My north is your left

Aug 27, 2010 14:26

I'm reading this article (recommended by my old linguistics prof on Facebook--man, the world is different than it once was), and there's a whole bit about Guugu Yimithirr--a language that, when it was discovered by linguists, turned all their assumptions about language on end. Particularly, Guugu Yimithirr doesn't have "behind" and "in front of" but "to the north" and "to the south."
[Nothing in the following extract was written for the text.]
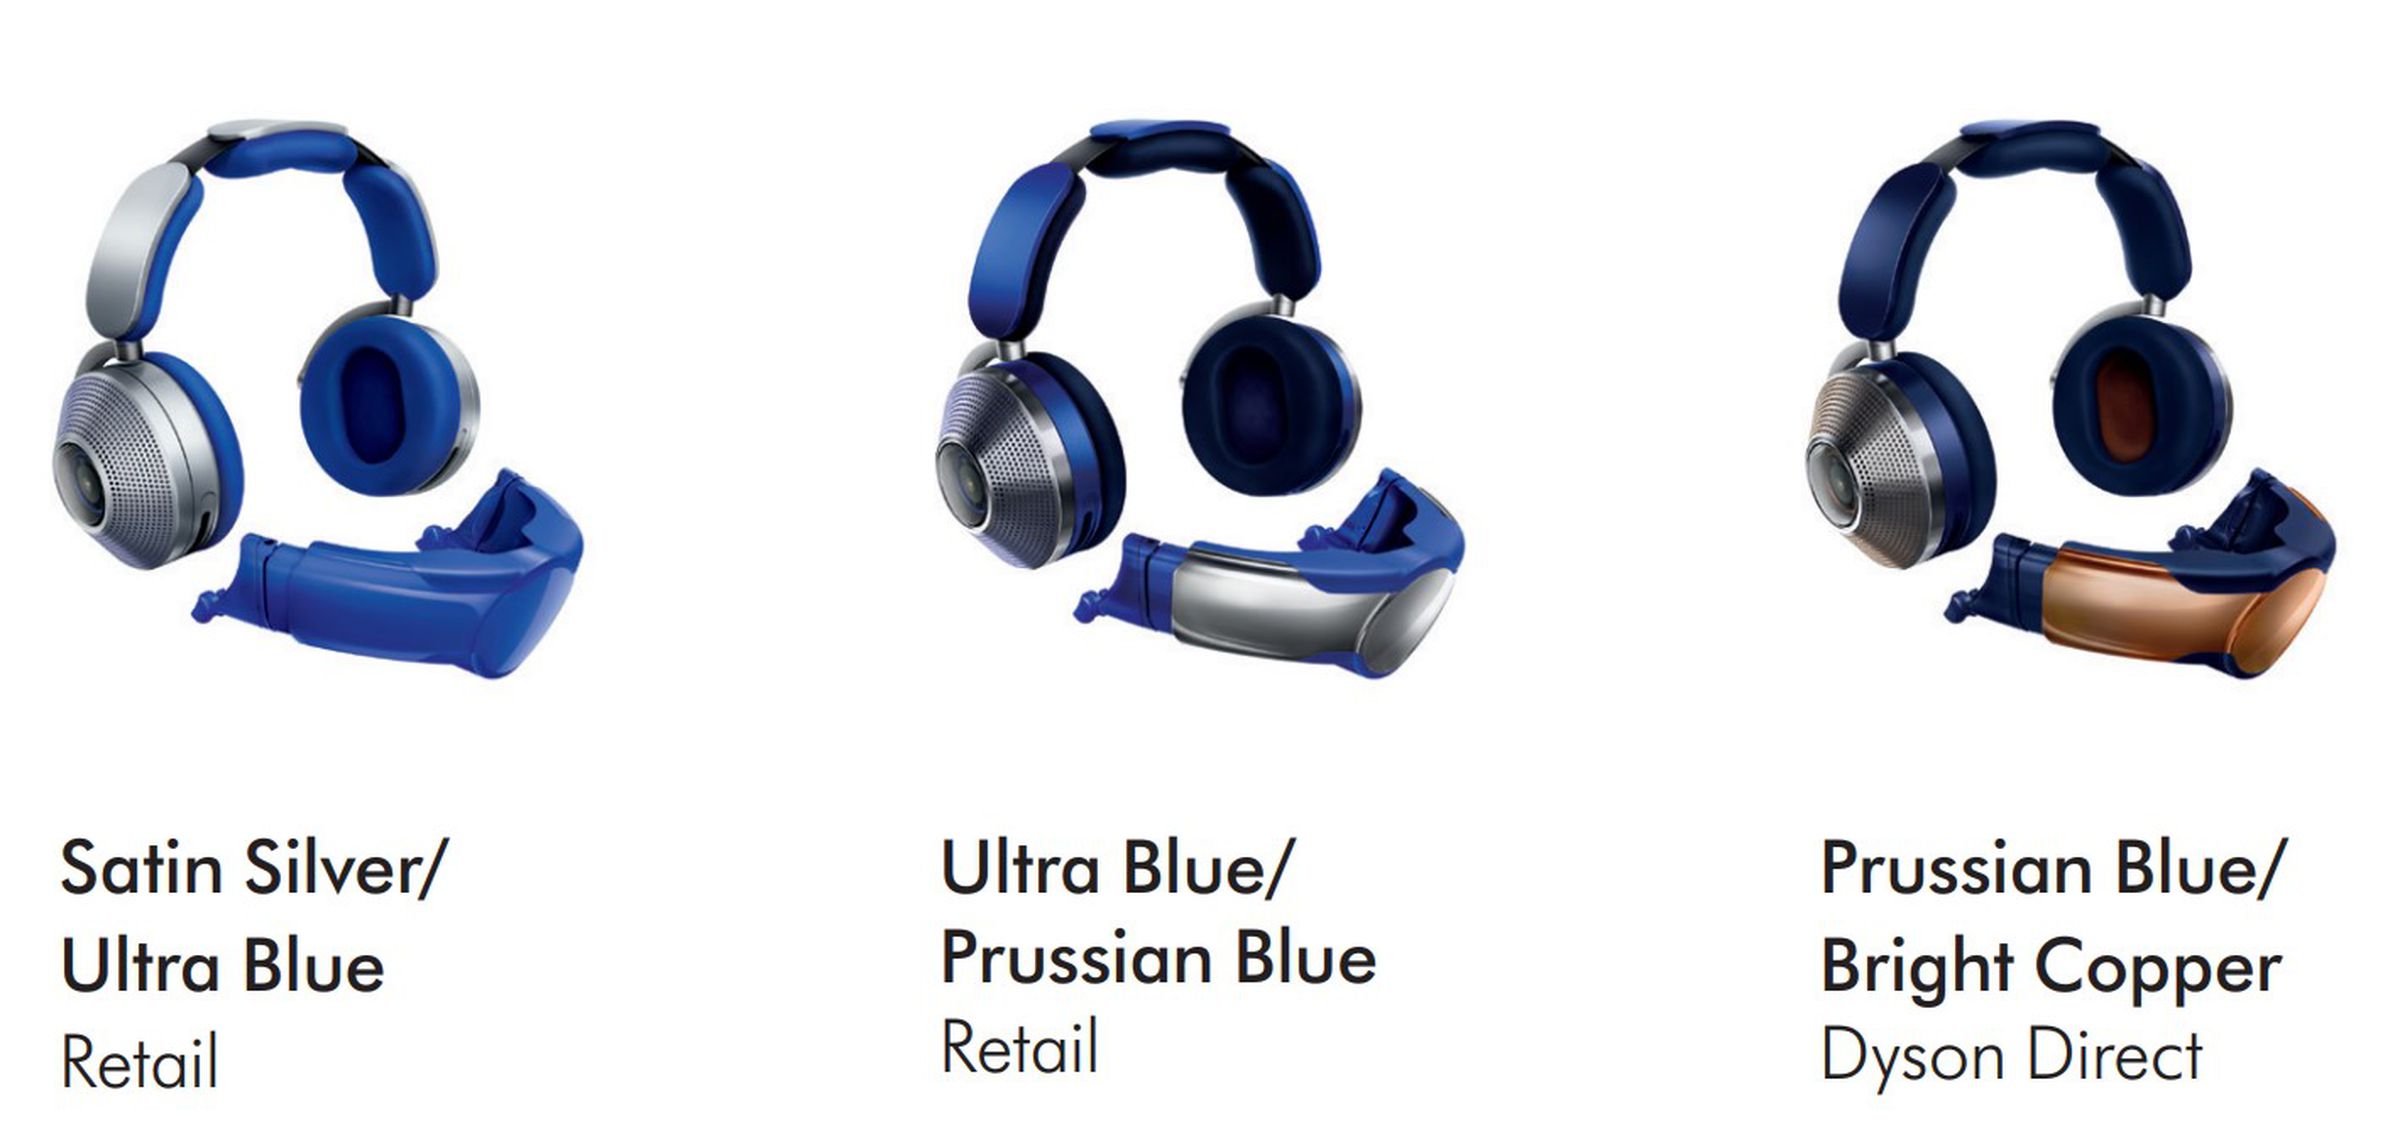 Three versions of the Dyson Zone headphones in various blue / metallic shades.

This paragraph in particular caught my eye:

Psychological experiments have also shown that under certain circumstances, speakers of Guugu Yimithirr-style languages even remember “the same reality” differently from us. There has been heated debate about the interpretation of some of these experiments, but one conclusion that seems compelling is that while we are trained to ignore directional rotations when we commit information to memory, speakers of geographic languages are trained not to do so. One way of understanding this is to imagine that you are traveling with a speaker of such a language and staying in a large chain-style hotel, with corridor upon corridor of identical-looking doors. Your friend is staying in the room opposite yours, and when you go into his room, you’ll see an exact replica of yours: the same bathroom door on the left, the same mirrored wardrobe on the right, the same main room with the same bed on the left, the same curtains drawn behind it, the same desk next to the wall on the right, the same television set on the left corner of the desk and the same telephone on the right. In short, you have seen the same room twice. But when your friend comes into your room, he will see something quite different from this, because everything is reversed north-side-south. In his room the bed was in the north, while in yours it is in the south; the telephone that in his room was in the west is now in the east, and so on. So while you will see and remember the same room twice, a speaker of a geographic language will see and remember two different rooms.

"You" doesn't mean "me," friend. Geographic relations are everything to me. I definitely see two different rooms.

Maybe this is why I get lost so much, by other people's criteria, but not my own. I'm not LOST. I know I'm not in the right place, and I know where north is. How is that lost?

I mean, I definitely still do "behind" and "in front" like an English speaker does, but in the greater world, I think by direction. I'm always correcting people who point southwest and say, "You know that bread shop over there?" And then I repoint and say, "You mean the bread shop north of us?"

I attribute this to my grandfather, who defined not lost by the same criteria I do, and didn't often get lost... and to my 3rd grade teacher, who spent ten minutes at the start of every day making us face the different cardinal directions and then point blindly to the other directions when she called them out.